To a query, the NHS official said use of inactivated virus vaccines, especially Sinopharm and Sinovac as well as a ‘pre-existing non-specific immunity’, could prevent Pakistani population from severe disease from the Omicron variant and added that with almost 50 percent Pakistani population vaccinated, this variant could also provide the required herd immunity in a shorter span of time.

Officials at the Dow University of Health Sciences (DUHS) Karachi and Aga Khan University Hospital (AKUH) said they have detected several suspected Omicron variant cases and were now trying to get them confirmed through whole genome sequencing. "We would be able to confirm Omicron variant cases by Thursday," an official of the DUHS said.
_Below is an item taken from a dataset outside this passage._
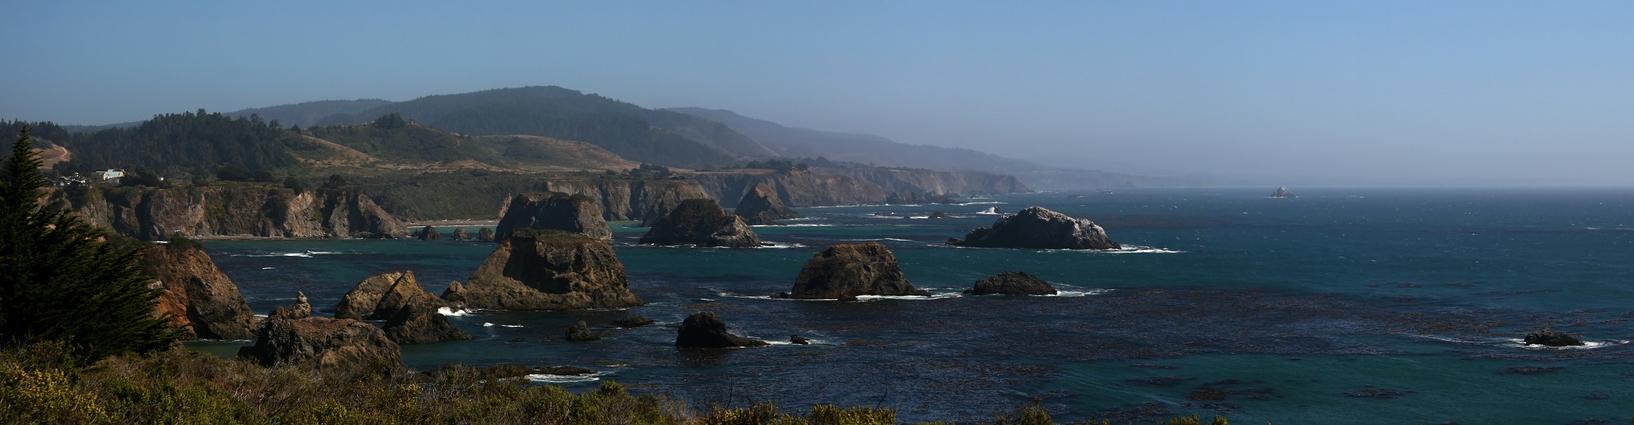 Coast - View

But the officials at the International Center for Chemical and Biological Sciences (ICCBS), University of Karachi, said they were continuously monitoring the Covid-19 positive cases and so far they had not seen any suspected case of Omicron variant in Sindh.

“We have urged the Sindh health department to send us the samples of suspected cases as we have the capability to perform whole genome sequencing within two days. So far we have only seen Delta and Kappa variants in Sindh," Director ICCBS Prof. Dr. Iqbal Chaudhry told The News.

The molecular genetics experts said no commercial lab in Karachi or anywhere in the country was detecting the Omicron variant although its kit was now available in the country.

 The “kit for the detection of Omicron variant is available in market like the kit for detection of Delta variant. Only the research labs at major varsities are doing the detection through whole genome sequencing”, Dr. Muhammad Zohaib, a molecular scientist at Children’s Hospital Karachi, said.